Consider the spatial mollification \begin{align} &u^\varepsilon(x,t)=\int_\mathbb{R} \eta_\varepsilon(x-y)u(y,t)dy, \end{align} which has compact support. Let $\varphi\in C^\infty_c(\mathbb{R}\times[0,\infty))$ be a smooth test function; we compute \begin{align} I=&\iint_{t>0} u^\varepsilon_t \varphi dxdt=-\iint_{t>0}u^\varepsilon\varphi_tdxdt-\int_\mathbb{R} u^\varepsilon(x,0)\varphi(x,0) dx\label{eq1} \\ =&-\int_0^\infty\int_\mathbb{R}\int_\mathbb{R} \eta_\varepsilon(x-y)u(y,t)\varphi_t(x,t)dydxdt-\int_\mathbb{R}\int_\mathbb{R} \eta_\varepsilon(x-y)u(y,0)\varphi(x,0)dydx\\ =&-\int_0^\infty\int_\mathbb{R}\int_\mathbb{R} \eta(y-x)u(y,t)\varphi_t(x,t)dxdydt-\int_\mathbb{R}\int_\mathbb{R} \eta_\varepsilon(y-x)g(y)\varphi(x,0)dxdy\\ =&-\int_0^\infty\int_\mathbb{R} \varphi^\varepsilon_t(y,t)u(y,t)dydt-\int_\mathbb{R} \varphi^\varepsilon(y,0)g(y)dy\\ =&-\iint_{t>0}u\varphi^\varepsilon_t dxdt-\int_\mathbb{R} g\varphi^\varepsilon(\cdot,0)dx,\\ \end{align} where we used Fubini's theorem and integration by parts.

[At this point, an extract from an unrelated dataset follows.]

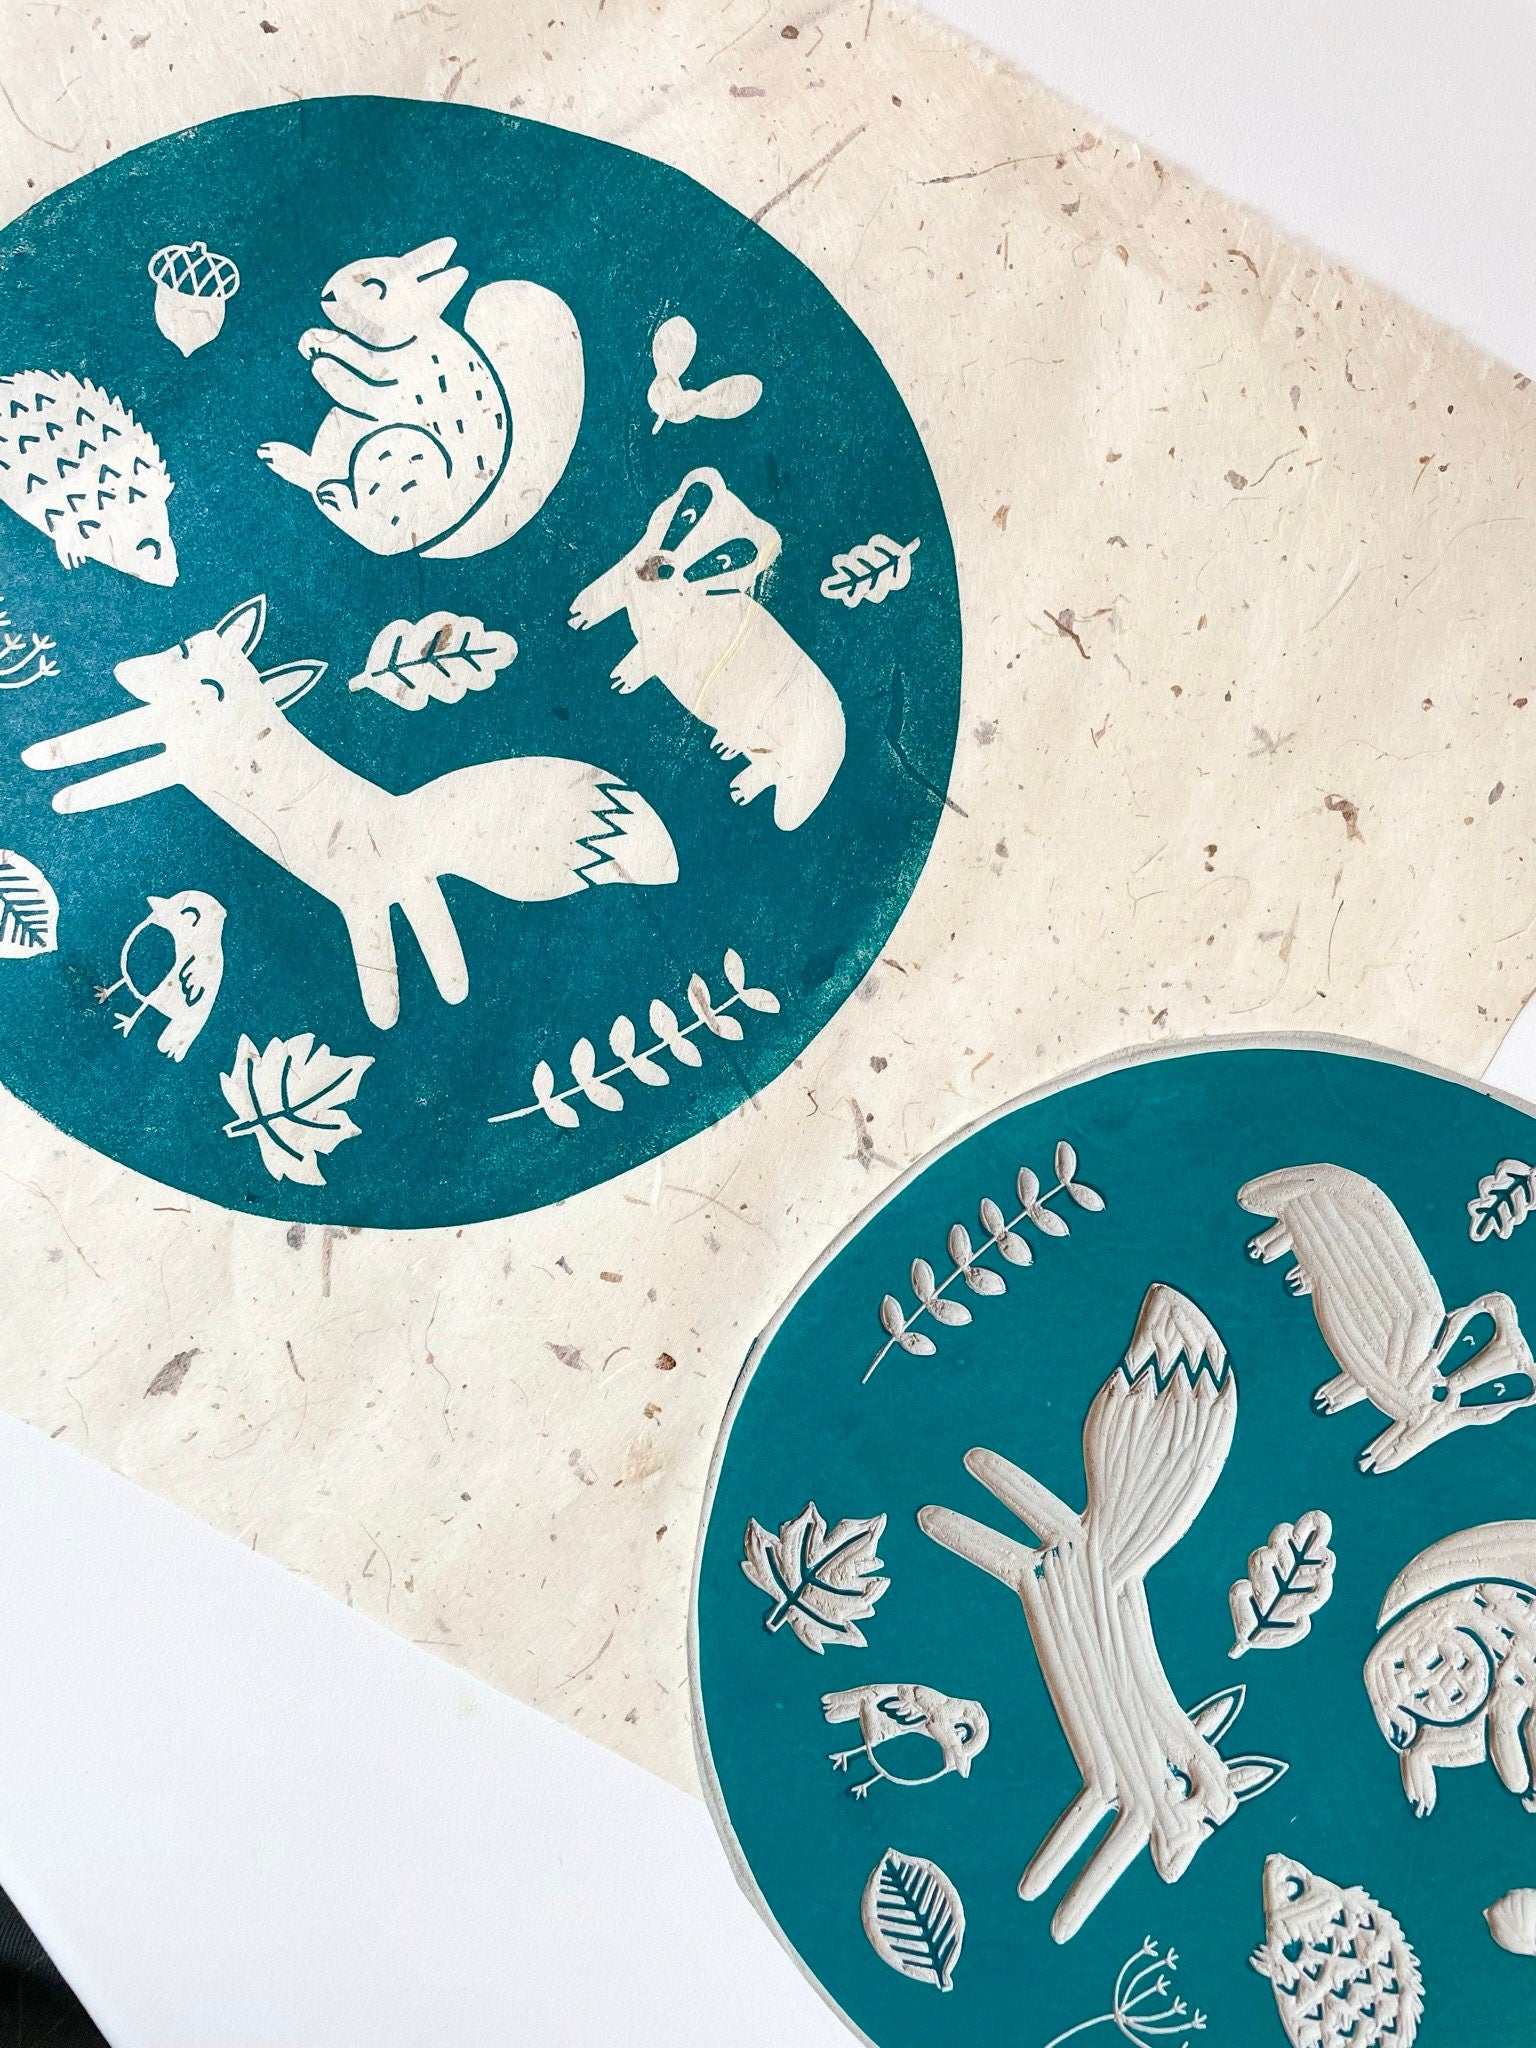 A circular lino print in green on gorgeous handmade mulberry paper. The print has woodland animals on it and fauna.

Since $u$ is an integral solution we get that $I$ is equal to \begin{align} &\iint_{t>0}F(u)\varphi^\varepsilon_xdxdt= \int_0^\infty\int_\mathbb{R}\int_\mathbb{R} \eta_\varepsilon(x-y)F(u(x,t))\varphi_x(y,t)dydxdt\\ =&\int_0^\infty\int_\mathbb{R}\int_\mathbb{R} \eta_\varepsilon(y-x)F(u(x,t))\varphi_x(y,t)dxdydt\\ =&\int_{0}^\infty \int_\mathbb{R} (F\circ u)^\varepsilon(y,t) \varphi_x(y,t)dydt\\ =&-\iint_{t>0} (F\circ u)^\varepsilon_x\varphi dxdt+\int_0^\infty \bigg|_{y=-\infty}^{\infty} (F\circ u)^\varepsilon(y,t) \varphi(y,t)dt\\ =&-\iint_{t>0}(F\circ u)^\varepsilon_x\varphi dxdt. \end{align} Therefore $u^\varepsilon$ solves the equation $u^\varepsilon_t +(F\circ u)^\varepsilon_x=0$ in $\mathbb{R}\times [0,\infty)$. Now \begin{align} \frac{d}{dt}\int_\mathbb{R} u^\varepsilon(x,t)dx&=\int_\mathbb{R} -(F\circ u)^\varepsilon_x(x,t)dx=0. \end{align} Therefore for all $t>0$ we have \begin{align} \int_\mathbb{R} u^\varepsilon(x,t)dx=\int_\mathbb{R} u^\varepsilon (x,0)dx. \end{align} Since $u$ has compact support, the statement follows by taking $\varepsilon\to 0$.